Понаблюдав за этим будничным, бездуховным, полурастительным существованием, Ян пришел в ужас. Он был подавлен и напуган. Особенно его смутило то, что они с Сильвией с легкостью вошли в эту колею. Уже через пару недель они привыкли к убийственной рутине подобной жизни: просыпаться по будильнику в шесть, ложиться спать в десять; в будни заниматься любовью по средам и пятницам - вечером, перед сном. День был похож на день, неделя на неделю, они тупели, вели разговоры о том, что и где можно дешевле купить, у какой машины движок мощнее и куда выгоднее ехать отдыхать. Ян отлично понимал, что происходит. Он понимал, что опускается, что будничное благополучное существование его засасывает, но не видел возможности выпрыгнуть из трясины. В пятницу вечером посещение кинотеатра; в воскресенье утром закупки продуктов в супермаркете.
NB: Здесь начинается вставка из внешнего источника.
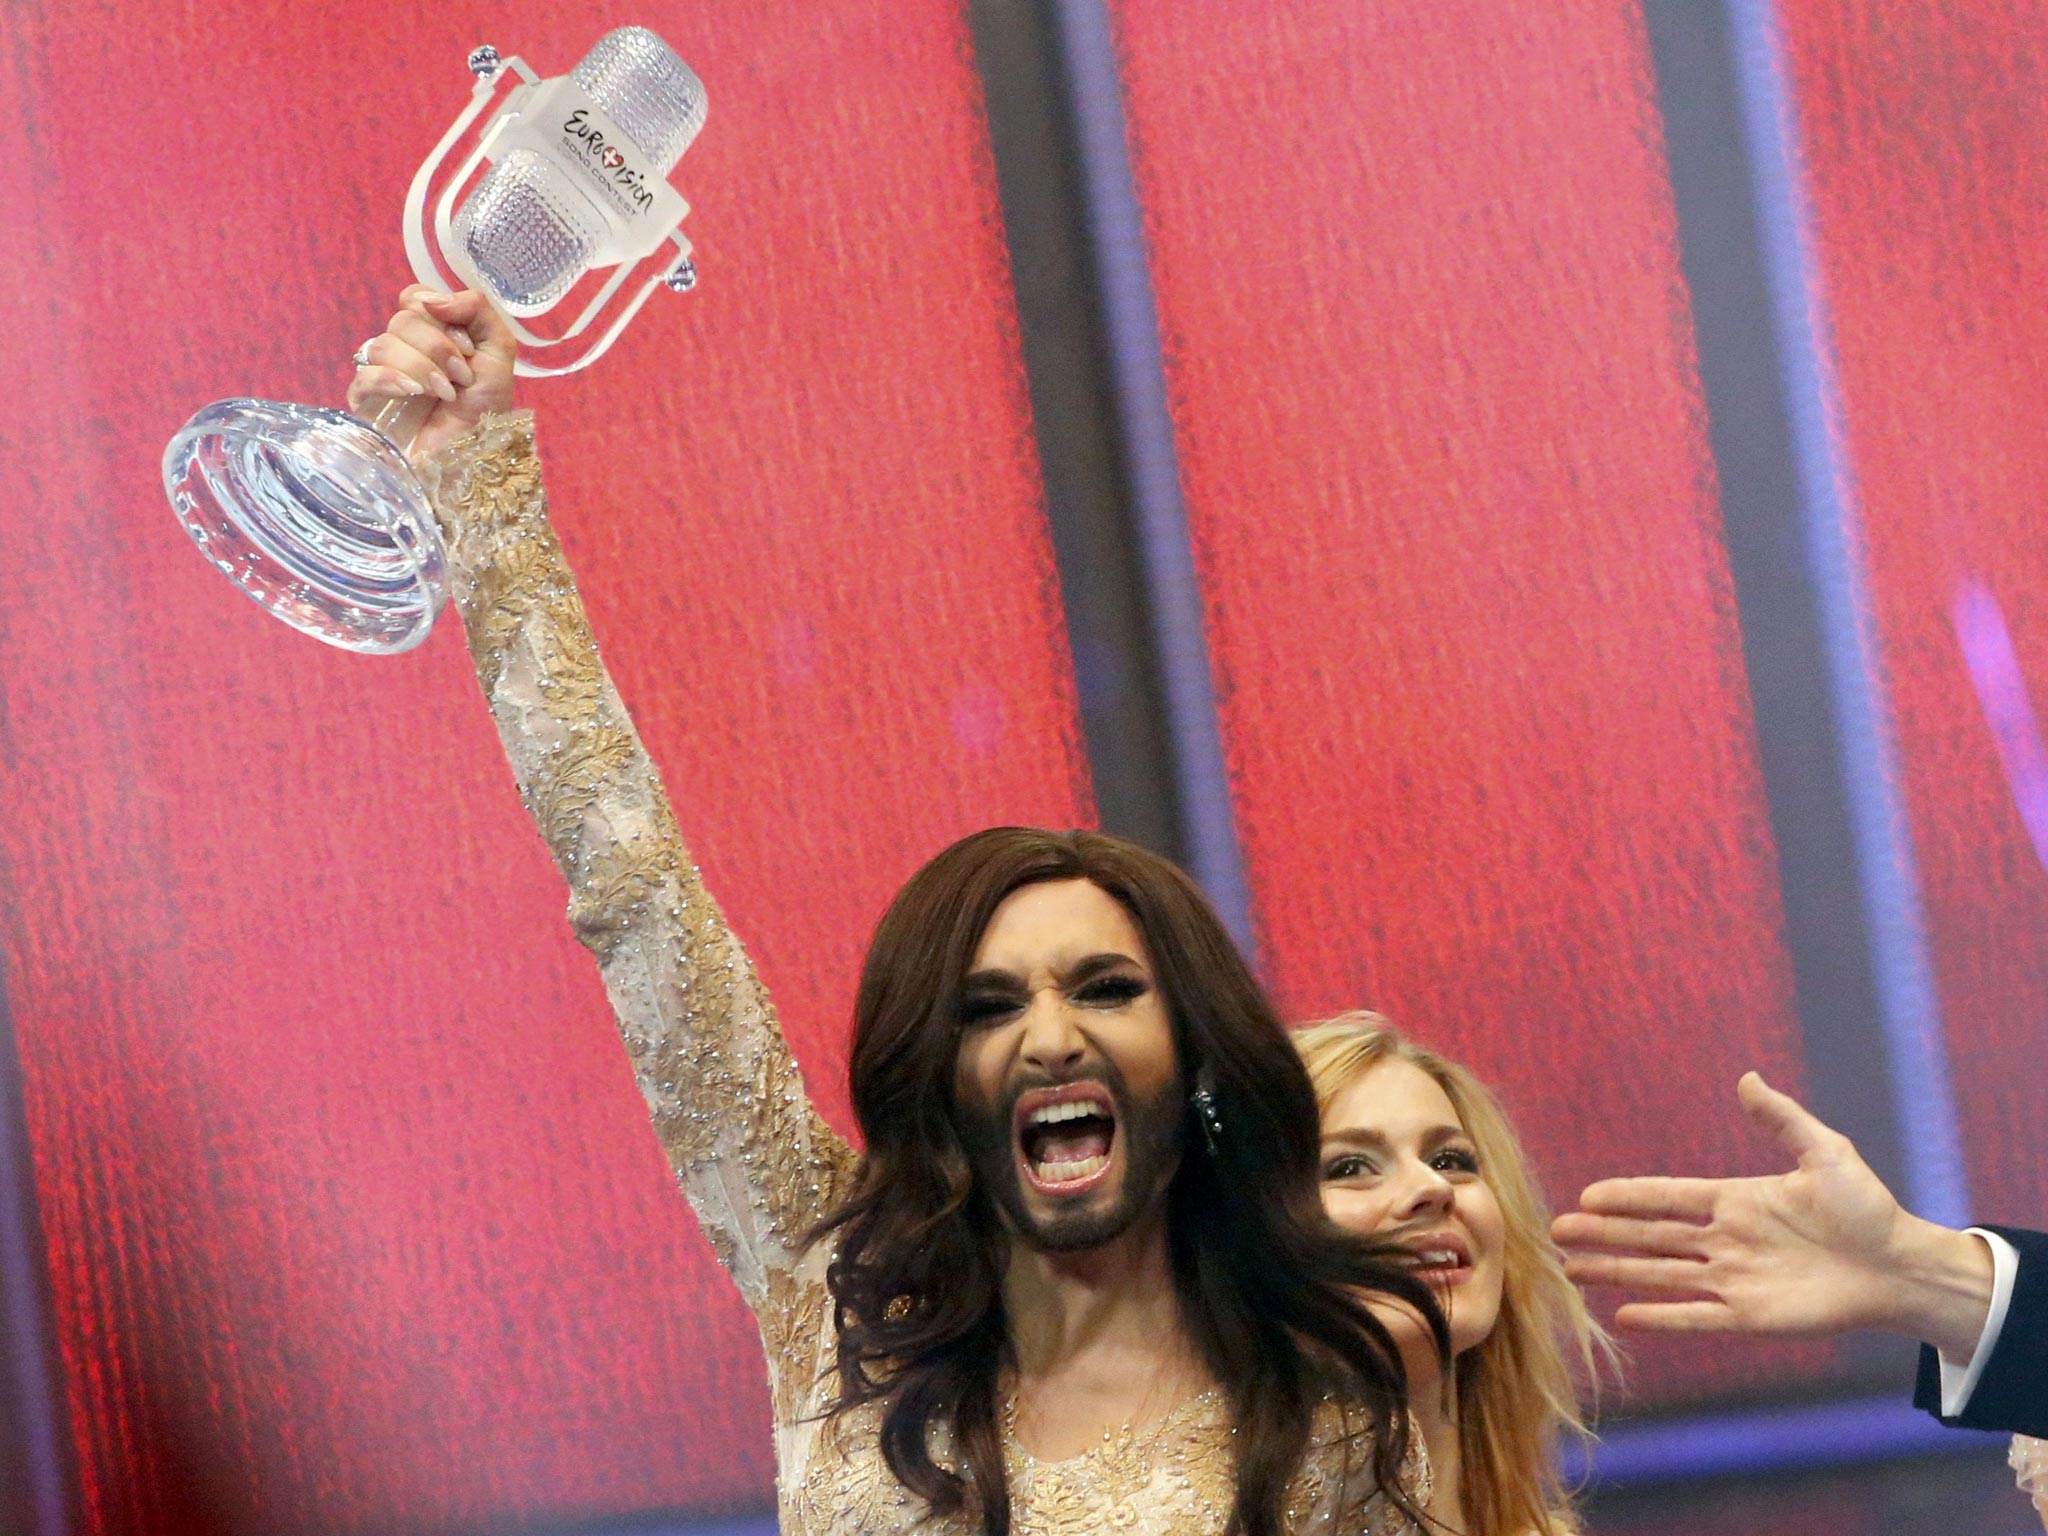 Conchita Wurst representing Austria celebrates after winning the grand final of the 59th Eurovision Song Contest

Если бы не положительный ответ из университета в Бреа, то могло случиться так, что Ян Эмерсон был бы обречен до самой пенсии крутиться белкой в колесе обыденной жизни, с ее суженными и неизменными горизонтами и одуряющим однообразием.
Таким образом, именно университету он обязан чудесным спасением из тисков рутины.
Поначалу Ян был в полном восторге от академического мира и упивался новым образом жизни. Все коллеги казались ему восхитительно умными и дерзкими мыслителями, обитающими на горних высотах духа - вот она, та насыщенная интеллектуальная атмосфера, та полная умных людей вселенная, о которой он чуть ли не сызмала мечтал!
В бытность техническим редактором в "Нортроп эйркрафт" ему начало казаться, что его надежды напрасны и прекрасного мира высокодуховных людей нигде на земле не существует И вдруг - такое счастье!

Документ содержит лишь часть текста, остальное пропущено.